The human liver possesses remarkable regenerative capabilities, yet in cases of end-stage liver disease, this natural healing process can be overwhelmed. Once the liver reaches a critical point of damage, the only viable solution often becomes organ transplantation. However, the scarcity of donor livers poses a significant challenge, prompting researchers to explore alternative strategies for liver restoration.
Innovative approaches are emerging that aim to engineer entire, implantable liver organs. Nevertheless, current laboratory-created liver constructs are still limited in size and therapeutic potential. A collaborative research team from the Wyss Institute at Harvard University, Boston University, and MIT has taken a unique approach to address this issue.
The Concept of Satellite Livers
Christopher Chen, MD, PhD, a core faculty member at the Wyss Institute and a professor at Boston University, proposed an intriguing idea: what if a small liver construct could be implanted and then encouraged to grow within the body? “A sufficiently grown, functional ‘satellite liver’ could alleviate the metabolic burden of a damaged liver and act as a bridge until a transplant is available,” Chen explained.
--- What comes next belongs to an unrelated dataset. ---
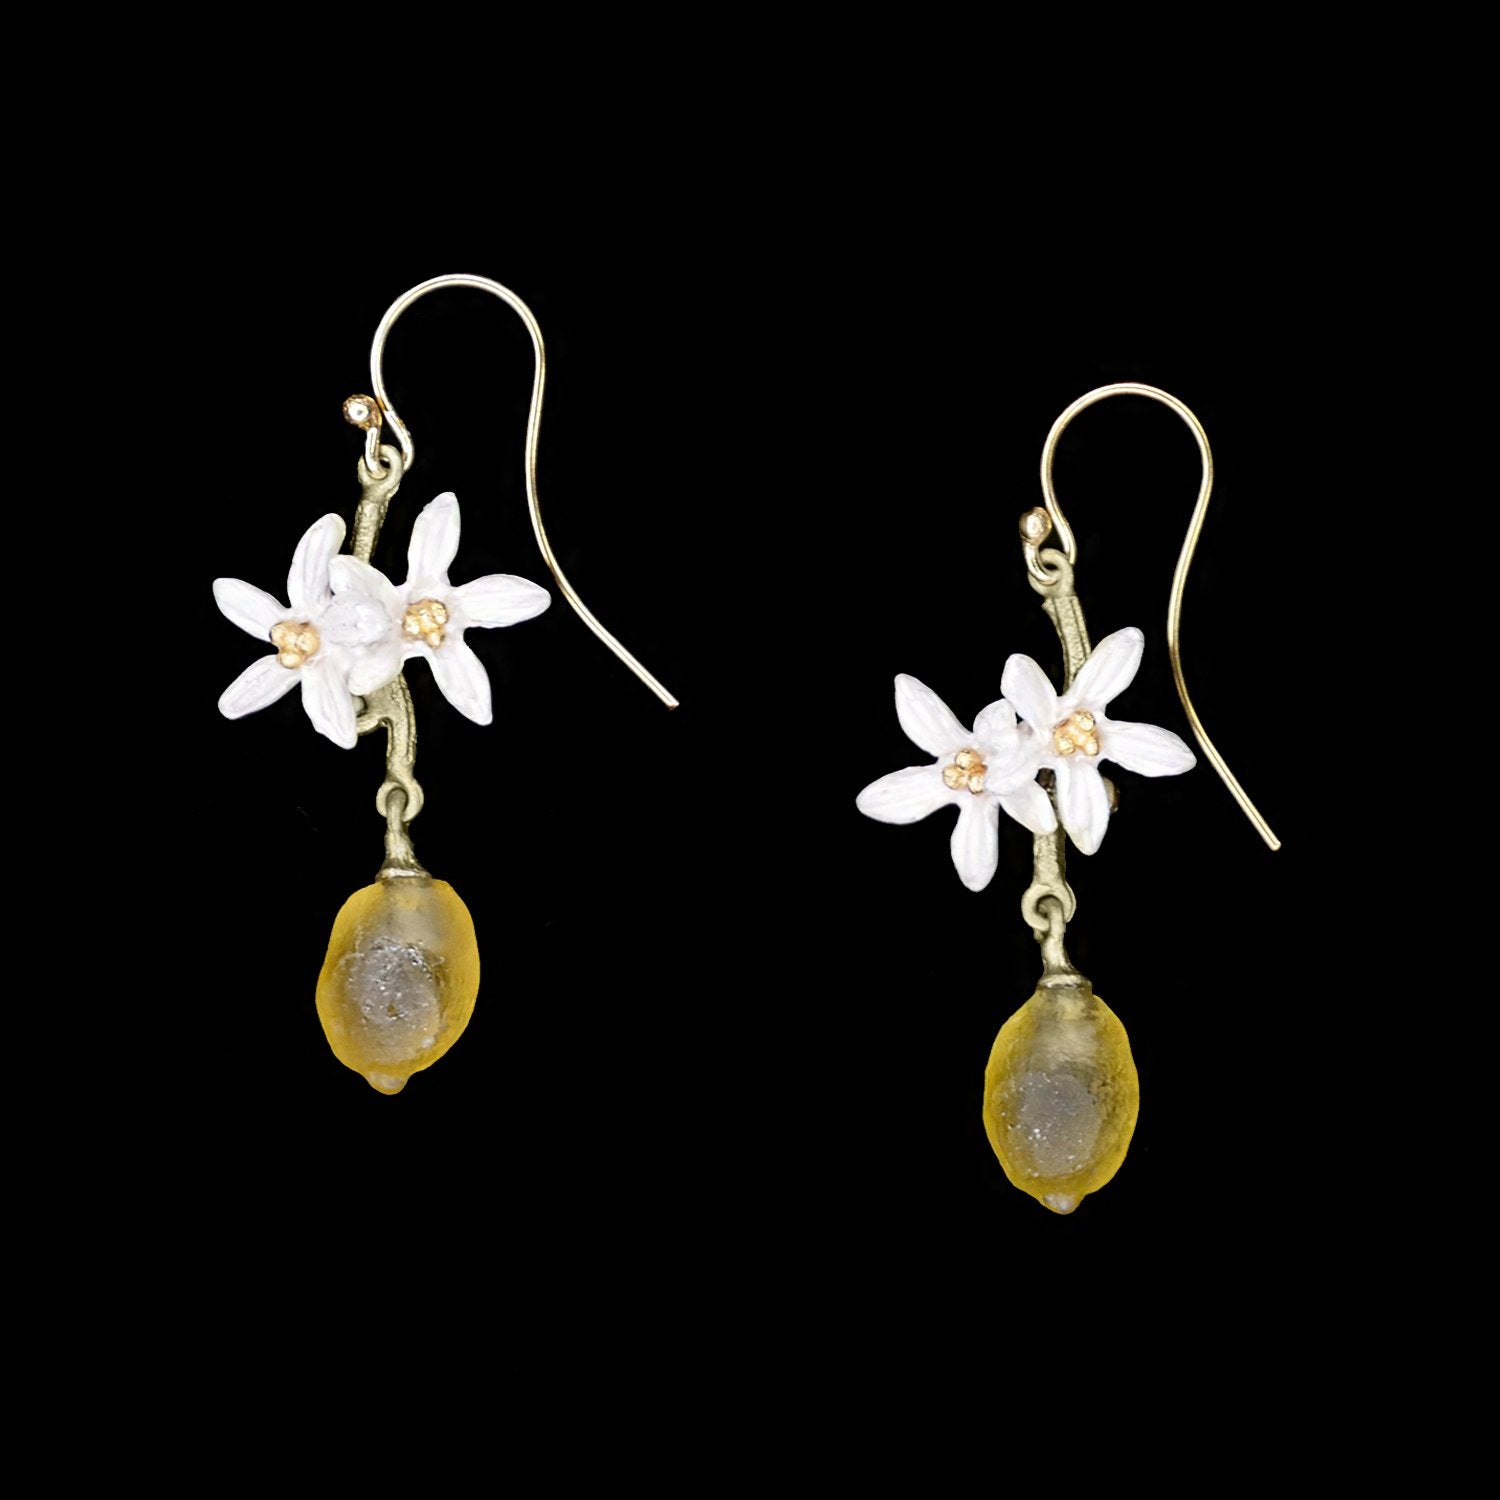 Lemon Drop Earrings - Flower Wire

This initiative is led by Amy Stoddard, PhD, a doctoral student who developed this concept during her research and postdoctoral work. The project integrates tissue engineering with synthetic biology, employing a genetic strategy termed “bioengineered on-demand outgrowth via synthetic biology triggering” (BOOST). By modifying the gene expression of liver cells, the team has successfully activated a tissue growth program in small liver constructs after implantation in mice.
Breakthroughs in Liver Tissue Engineering
In their published research, the team outlined their findings, emphasizing the potential of their technique as a novel approach to cell therapy scale-up. By initially implanting a small liver construct and subsequently inducing it to grow in situ, they aim to bypass the challenges associated with producing large quantities of cellular materials and creating constructs capable of sustaining themselves post-engraftment.
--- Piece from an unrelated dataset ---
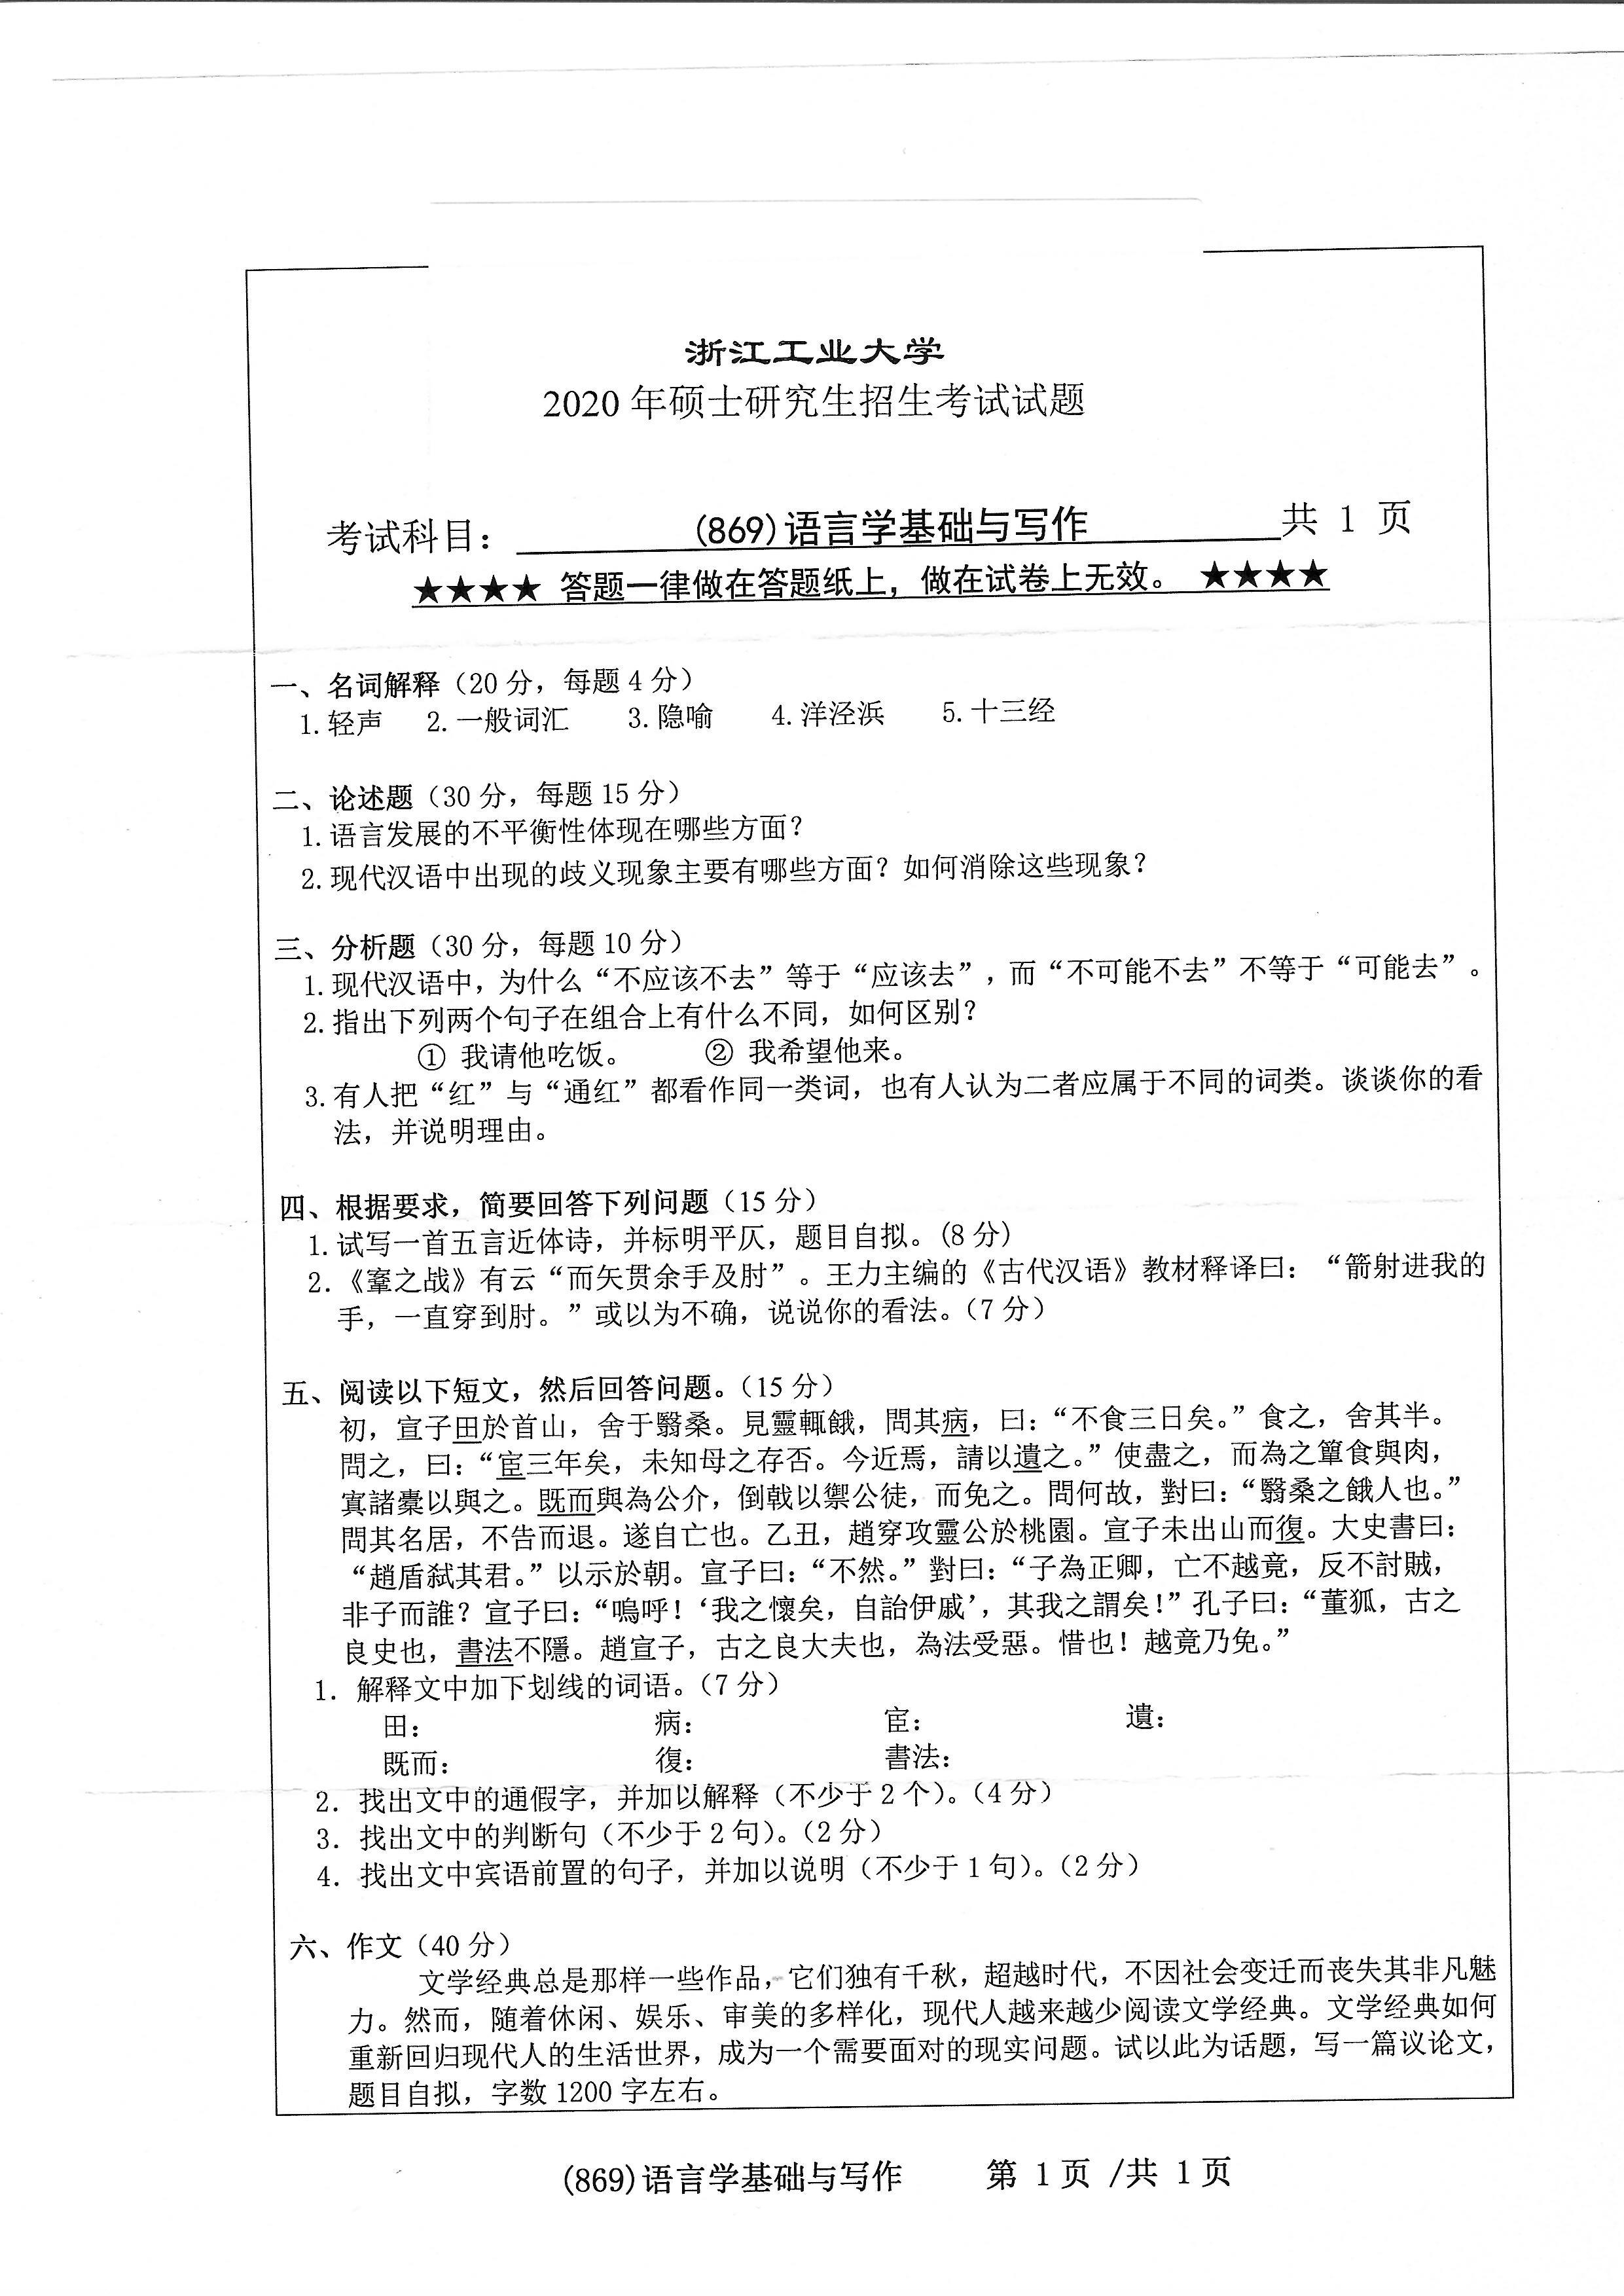 869语言学基础与写作2020年考研初试试卷真题（浙江工业大学）

The study highlights the pressing need for alternatives to organ transplants, especially given the limited availability of donor organs. While promising advancements have been made in tissue engineering for cell therapies, scaling these constructs to therapeutic sizes remains a significant barrier.
Induction of Growth in Engineered Constructs
To facilitate the growth of small liver constructs once implanted, the researchers focused on identifying specific growth cues. Recognizing that liver growth is influenced by soluble growth factors, Stoddard explored various candidates for their ability to stimulate cell proliferation in cultured hepatocytes.
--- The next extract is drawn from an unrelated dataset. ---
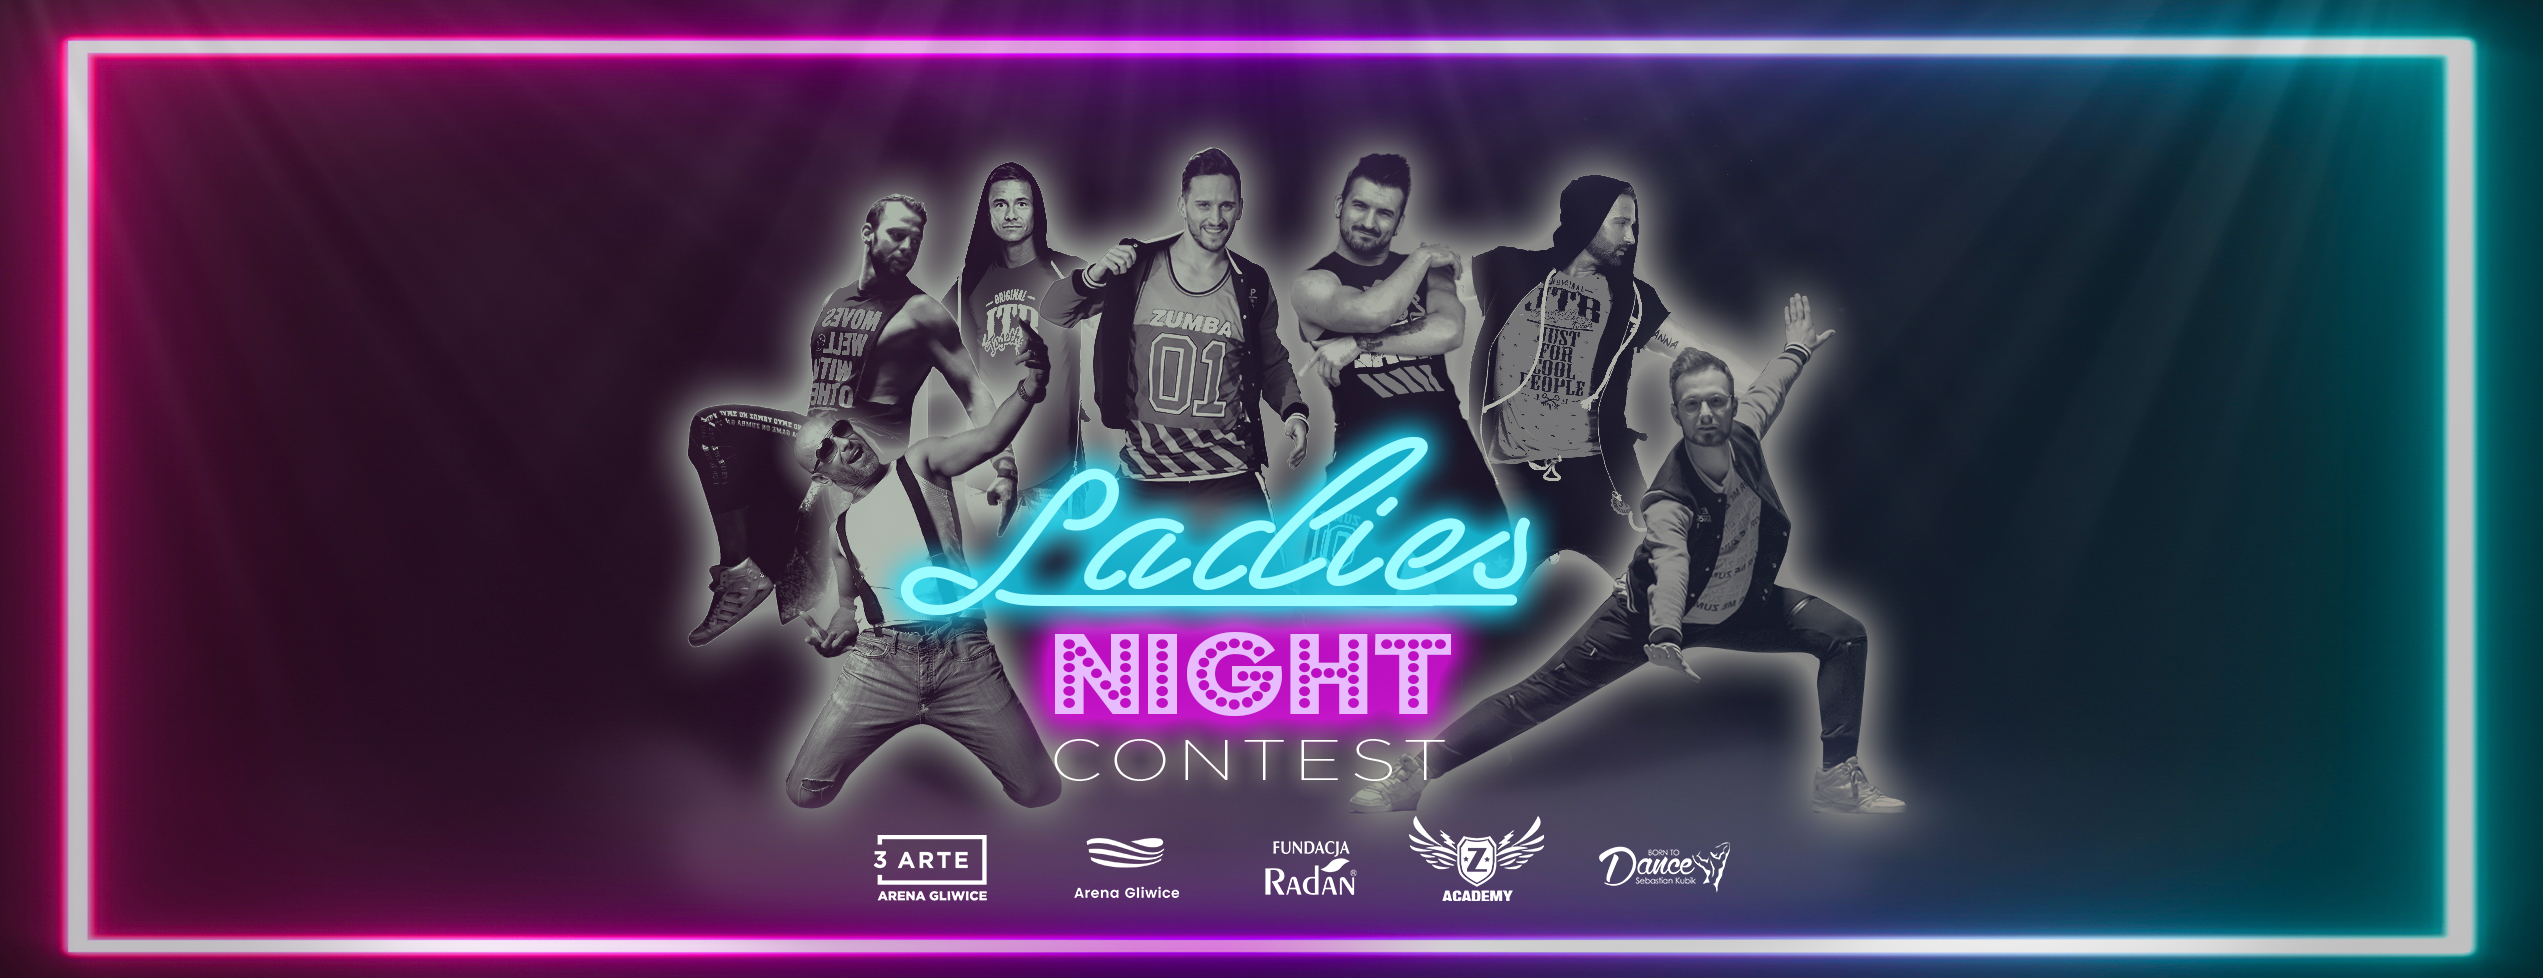 Ladies’ Night Contest

The BOOST strategy combines synthetic biology and tissue engineering, allowing for controlled liver growth inside the body. By rewiring the gene expression of hepatocytes and supporting fibroblast cells, the research team developed a method to activate tissue growth in engineered liver constructs post-implantation.
Overcoming Density-Induced Proliferation Challenges
Through diligent experimentation, the team identified a set of four growth factors that effectively promoted hepatocyte growth in culture. However, they soon discovered that these factors were less effective in densely packed three-dimensional liver tissues. This observation led them to investigate the role of the protein YAP, which responds to mechanical signals and influences cell proliferation.
It became evident that YAP’s degradation in high-density conditions was inhibiting cell growth. By introducing a non-degradable version of YAP into hepatocytes, the researchers successfully overcame this barrier, paving the way for effective cell proliferation in dense tissue environments.
Engineering Control Mechanisms for Growth
To achieve controlled proliferation of hepatocytes in living organisms, the team developed a synthetic biology toolkit capable of managing growth factor and YAP signaling within the engineered liver tissues. They engineered fibroblast cell lines to secrete specific growth factors and created hepatocytes that expressed the non-degradable YAP protein, allowing for localized control of cell growth.
Time course experiments indicated that a continuous treatment with doxycycline (DOX) led to significant expansion of the engineered liver tissue. Upon removal of DOX, the hepatocytes reverted to a non-proliferating state, demonstrating the potential for controlled growth.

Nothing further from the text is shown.